The next example uses an output name for the column that already exists, in which case the content of that column will be replaced with the new, computed values:
julia> df |> @mutate(firstCol = _.colA + log(_.colB))
10x5 query result
firstCol │ colA │ colB │ colC │ lastCol
────────────┼───────────┼────────────┼───────────┼──────────
-1.07821 │ 0.726354 │ 0.164546 │ 0.419195 │ 0.0685362
-5.13278 │ 0.132284 │ 0.00516908 │ 0.619361 │ 0.847543
-0.391904 │ 0.421744 │ 0.443238 │ 0.581122 │ 0.518726
-0.00610799 │ 0.204774 │ 0.80987 │ 0.0977708 │ 0.866429
0.0882928 │ 0.362015 │ 0.760544 │ 0.775301 │ 0.810517
-0.455857 │ 0.0614884 │ 0.596101 │ 0.0613467 │ 0.230335
0.365798 │ 0.702575 │ 0.714068 │ 0.283429 │ 0.308963
-0.309229 │ 0.246562 │ 0.573619 │ 0.869932 │ 0.148938
-0.807497 │ 0.432564 │ 0.289367 │ 0.92641 │ 0.592507
0.596058 │ 0.666146 │ 0.932312 │ 0.352096 │ 0.684766
One can also specify multiple output columns in a single call to @mutate
, for example the following code replaces the values in one existing column (named firstCol
) and adds a new column named newCol
.
julia> df |> @mutate(firstCol = _.colA + log(_.colB), newCol=_.colC * 2)
10x6 query result
firstCol │ colA │ colB │ colC │ lastCol │ newCol
────────────┼───────────┼────────────┼───────────┼───────────┼─────────
-1.07821 │ 0.726354 │ 0.164546 │ 0.419195 │ 0.0685362 │ 0.838391
-5.13278 │ 0.132284 │ 0.00516908 │ 0.619361 │ 0.847543 │ 1.23872
-0.391904 │ 0.421744 │ 0.443238 │ 0.581122 │ 0.518726 │ 1.16224
-0.00610799 │ 0.204774 │ 0.80987 │ 0.0977708 │ 0.866429 │ 0.195542
0.0882928 │ 0.362015 │ 0.760544 │ 0.775301 │ 0.810517 │ 1.5506
-0.455857 │ 0.0614884 │ 0.596101 │ 0.0613467 │ 0.230335 │ 0.122693
0.365798 │ 0.702575 │ 0.714068 │ 0.283429 │ 0.308963 │ 0.566858
-0.309229 │ 0.246562 │ 0.573619 │ 0.869932 │ 0.148938 │ 1.73986
-0.807497 │ 0.432564 │ 0.289367 │ 0.92641 │ 0.592507 │ 1.85282
0.596058 │ 0.666146 │ 0.932312 │ 0.352096 │ 0.684766 │ 0.704192
Note that in all of these examples, @mutate
leaves any column that is not named explicitly as an output column alone.

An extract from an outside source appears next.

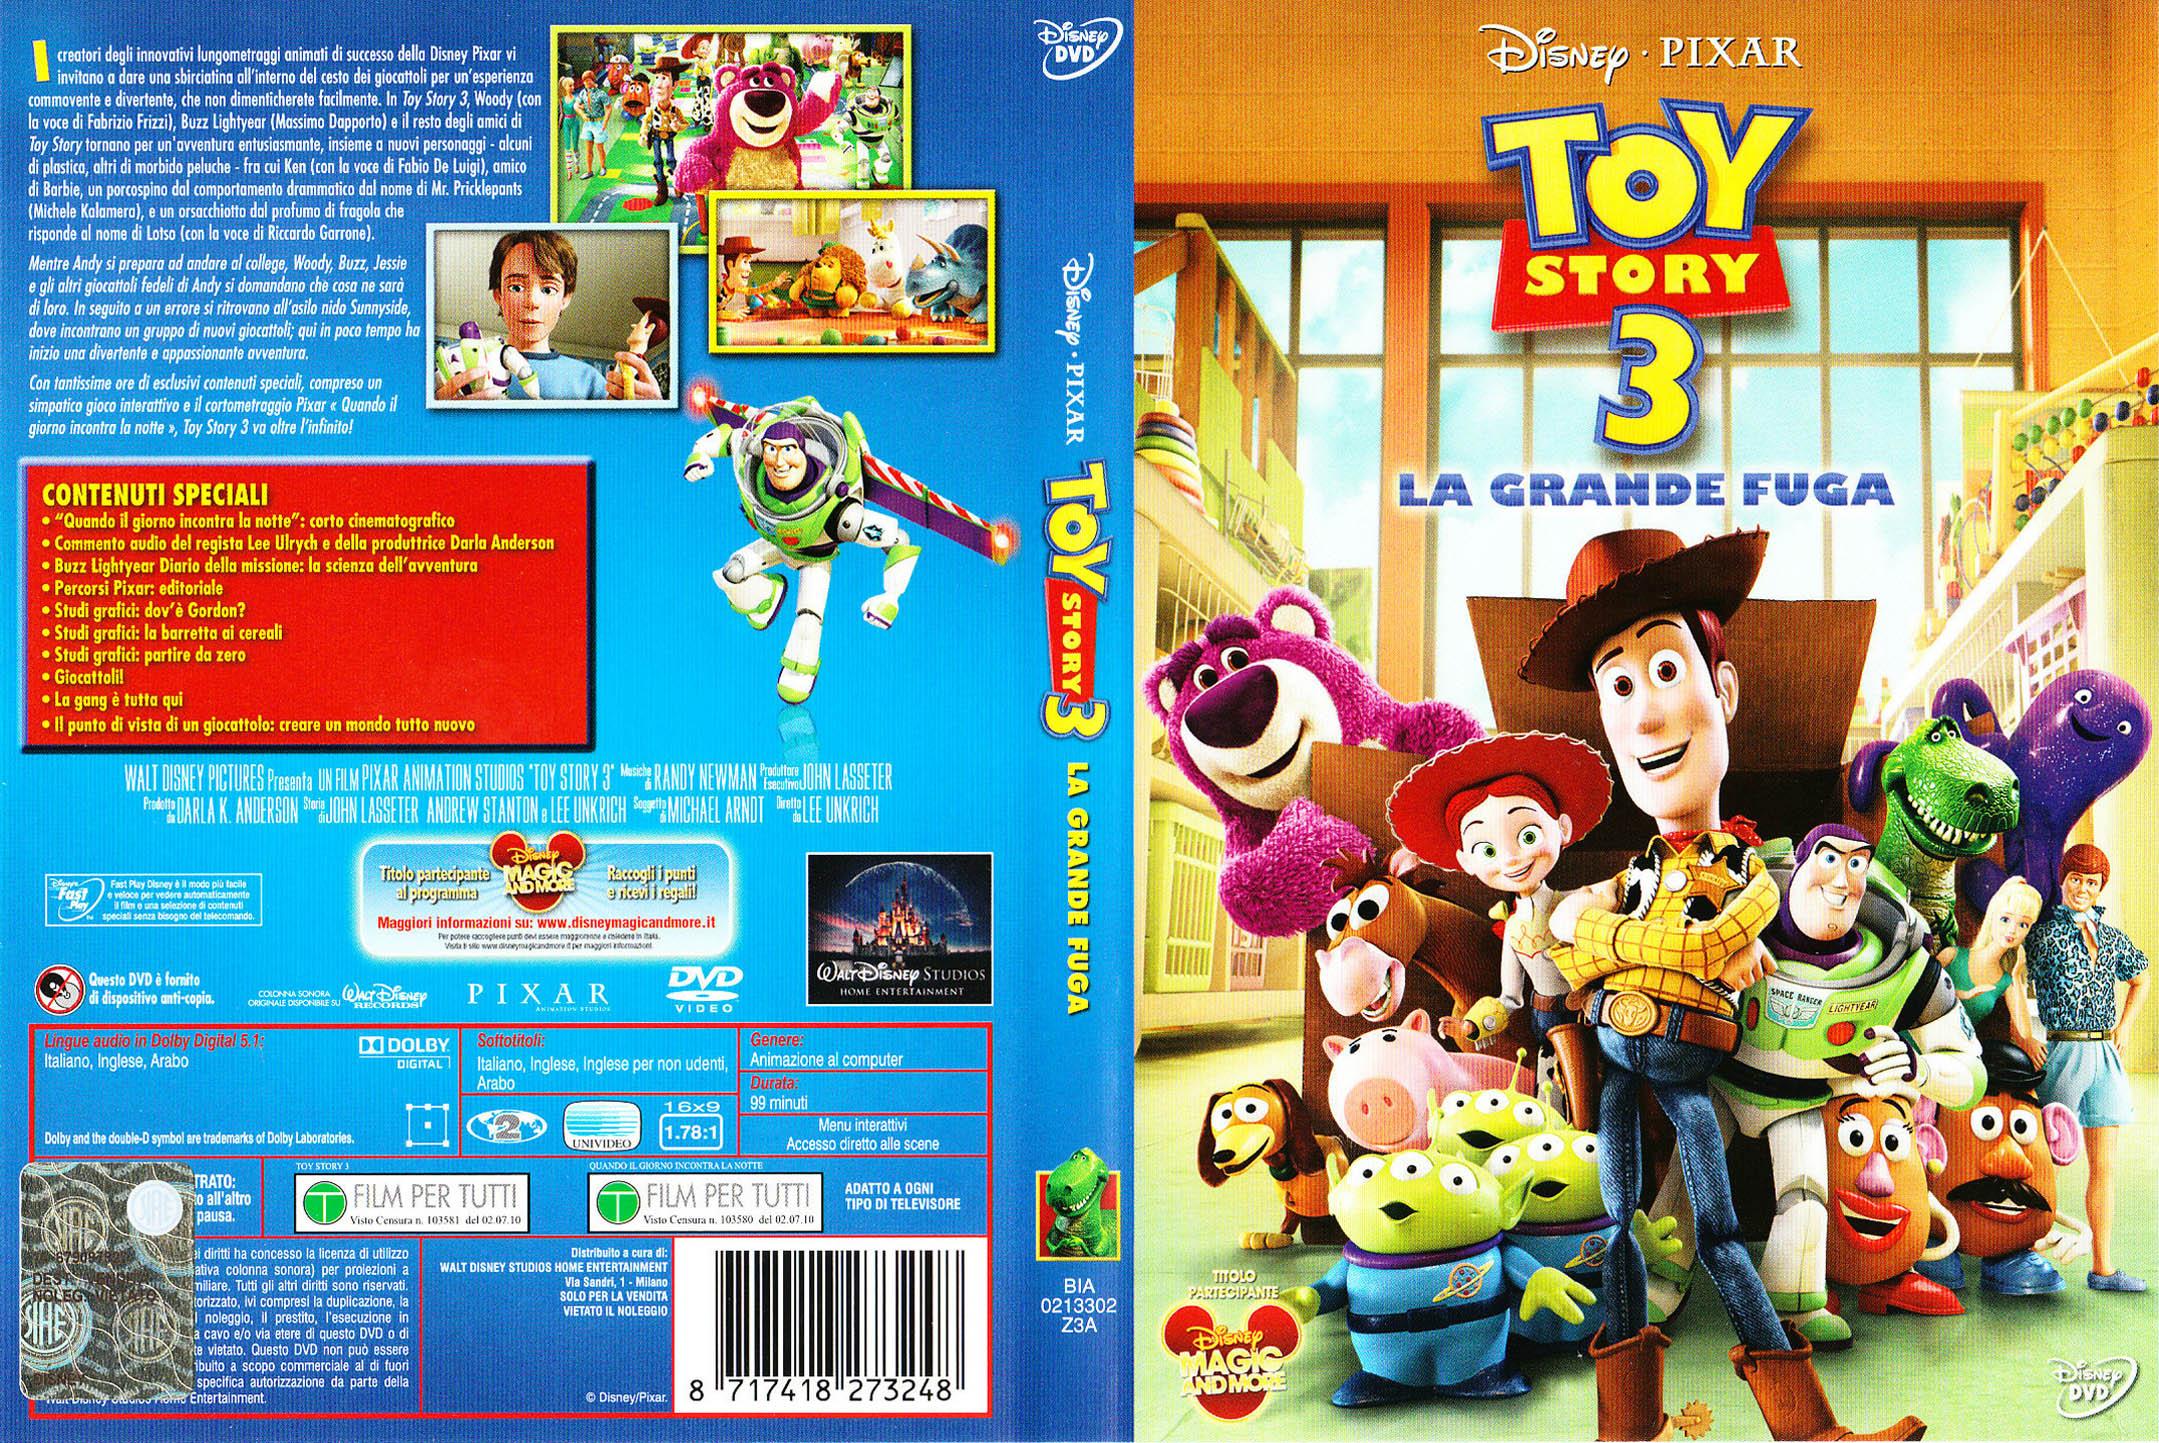 Disney Pixar Toy Story 4 vero Chiacchierone-REX

And it might not come as a surprise at this point: we again followed the lead of the equivalent dplyr function in the design.
The @unique
query operator
The @unique
query operator is simple: it removes any duplicate values from an input sequence. Here is a simple example where we remove duplicate values from an array of Int
values:
julia> [1,2,3,4,5,2,4] |> @unique()
?-element query result
1
2
3
4
5
One can of course also use this with tabular data:
julia> df2 = DataFrame(a=[1,2,3,2], b=[4,3,2,3])
4×2 DataFrame
│ Row │ a │ b │
│ │ Int64 │ Int64 │
├─────┼───────┼───────┤
│ 1 │ 1 │ 4 │
│ 2 │ 2 │ 3 │
│ 3 │ 3 │ 2 │
│ 4 │ 2 │ 3 │
julia> df2 |> @unique()
3x2 query result
a │ b
──┼──
1 │ 4
2 │ 3
3 │ 2
Conclusion
As always, please let us know about any issues or problems that you might run into while using Query.jl over in the github repository.